## ABOUT THIS EXERCISE:
Drop all images. Then write out each line below exactly as given.

## DATASET EXTRACT:
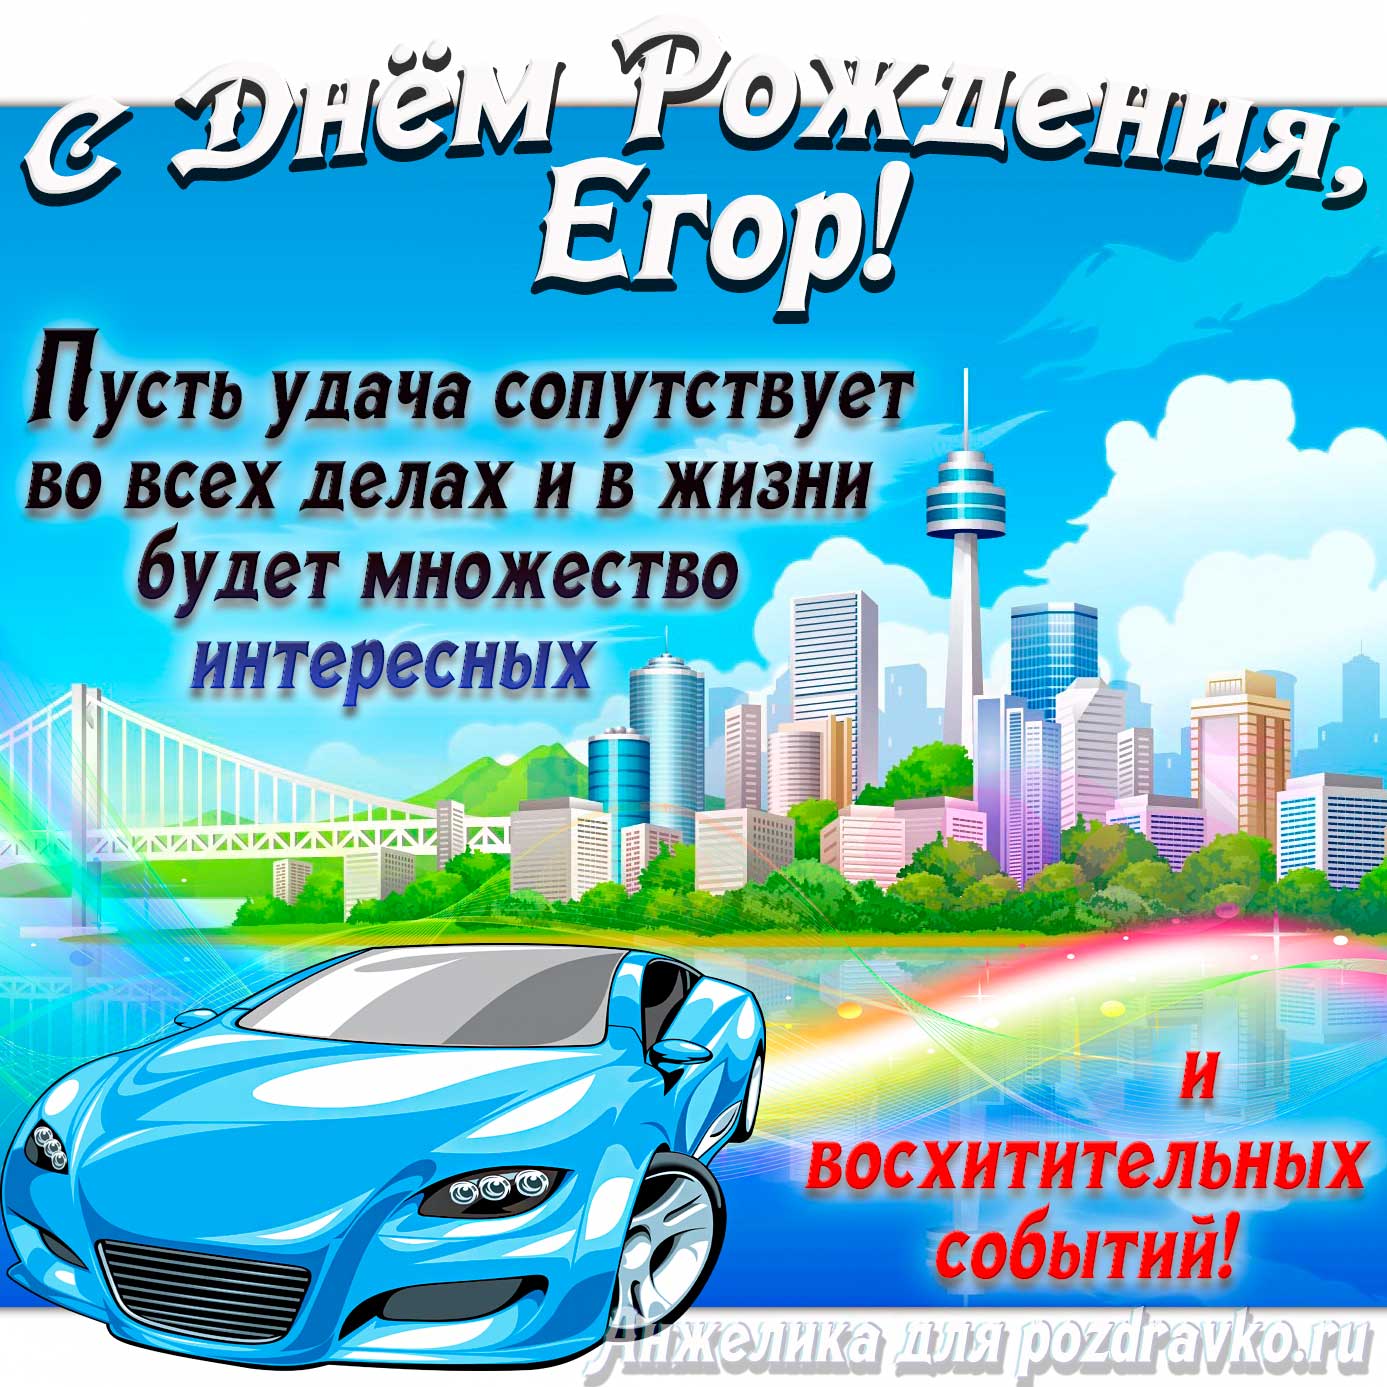 Открытка - с Днём Рождения Егор с голубой машиной и пожеланием. Скачать бесплатно или отправить картинку.
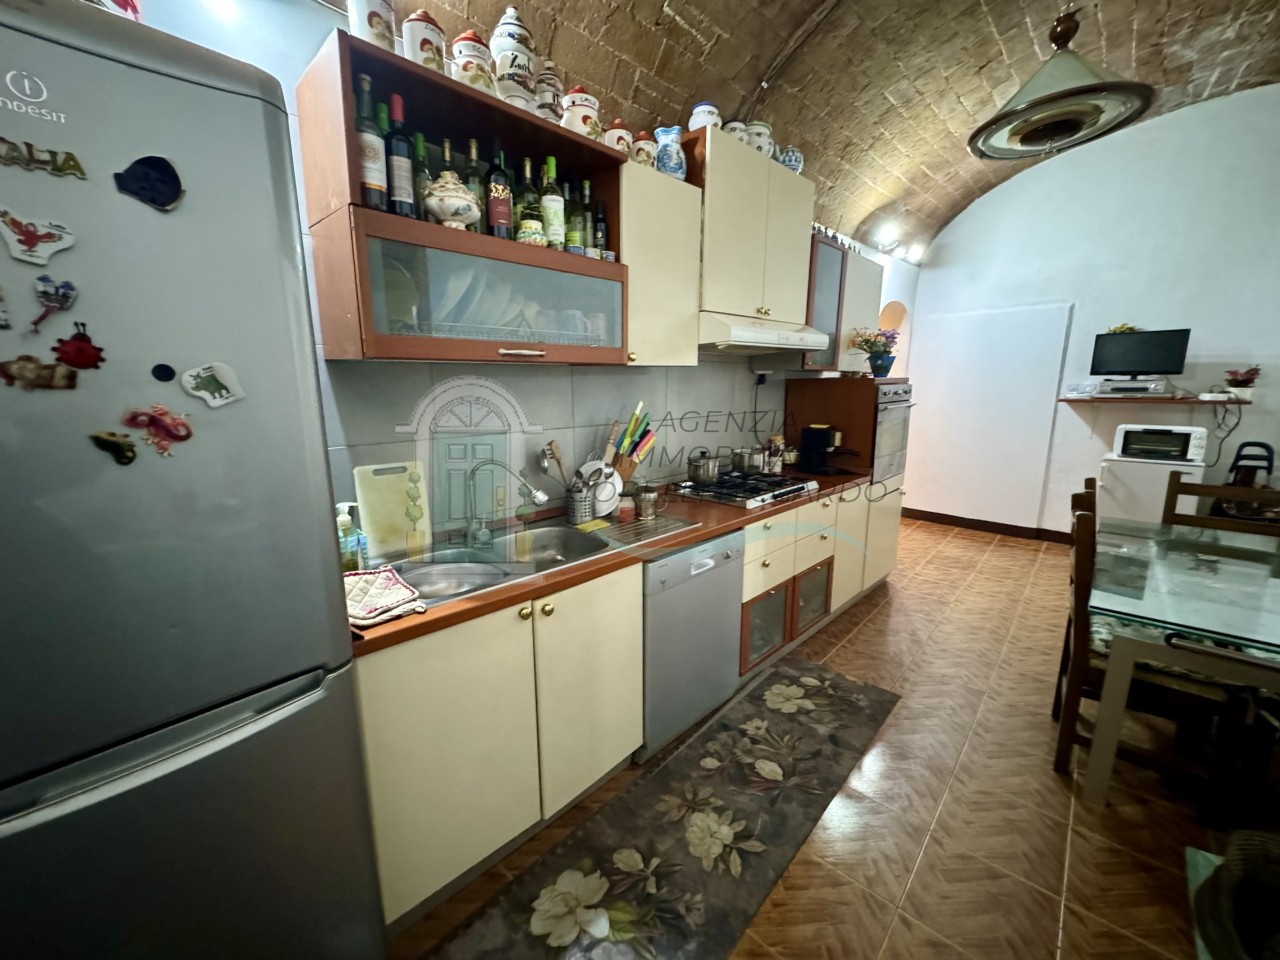 Appartamento in vendita a Siena, 3 locali, prezzo € 220.000 | PortaleAgenzieImmobiliari.it
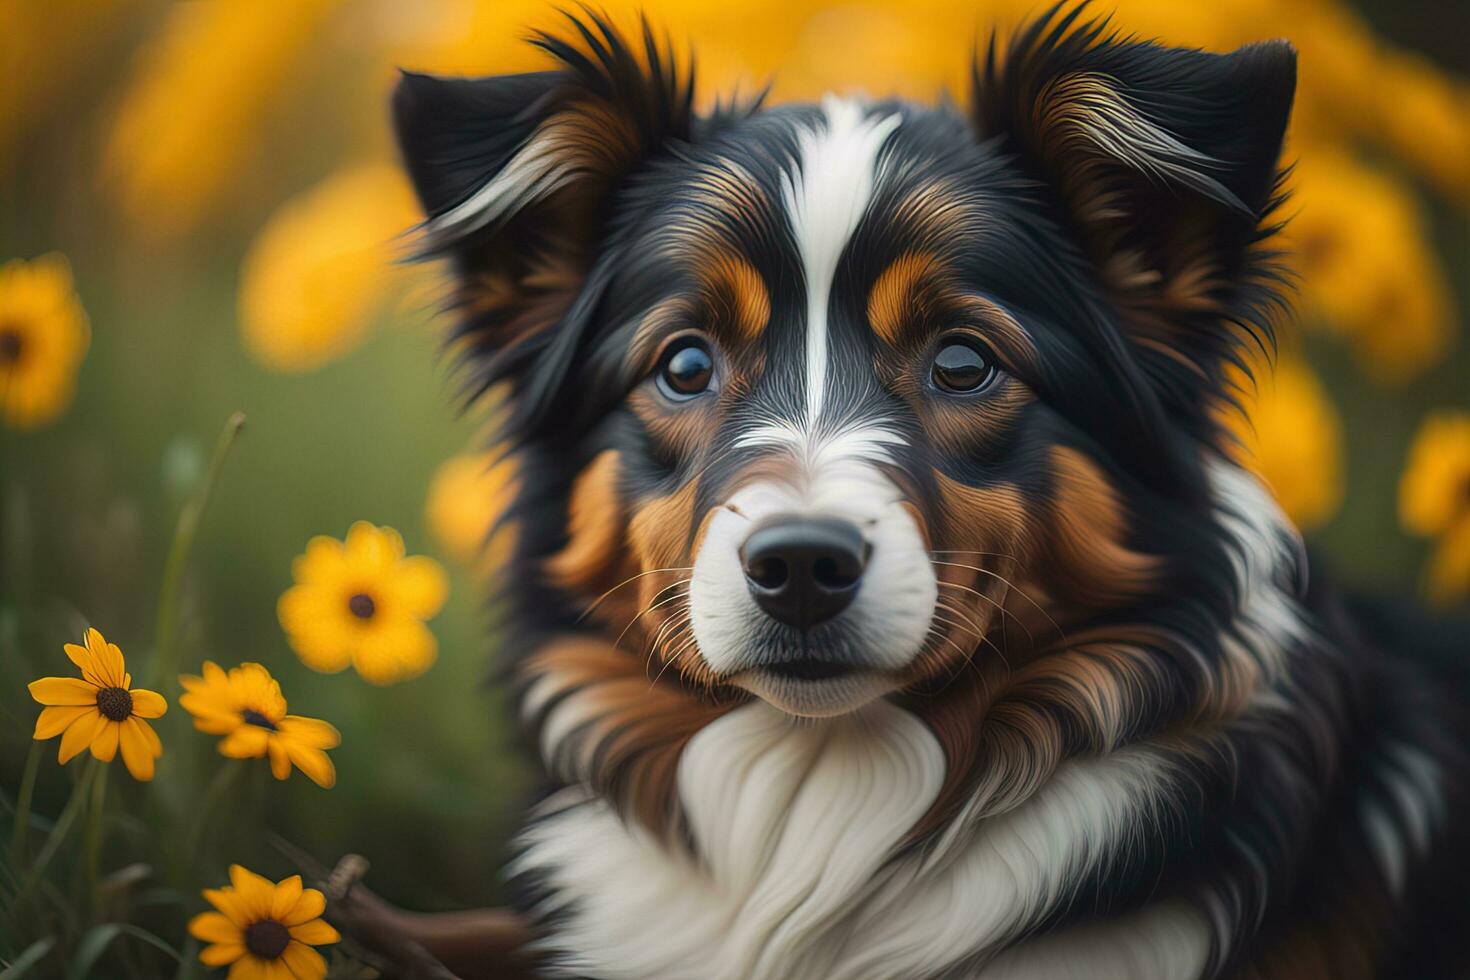 porträtt av en söt hund på en färgrik bakgrund. studio skott. ai generativ foto

## ANSWER TO THIS PROBLEM:
 Открытка - с Днём Рождения Егор с голубой машиной и пожеланием. Скачать бесплатно или отправить картинку.
 Appartamento in vendita a Siena, 3 locali, prezzo € 220.000 | PortaleAgenzieImmobiliari.it
 porträtt av en söt hund på en färgrik bakgrund. studio skott. ai generativ foto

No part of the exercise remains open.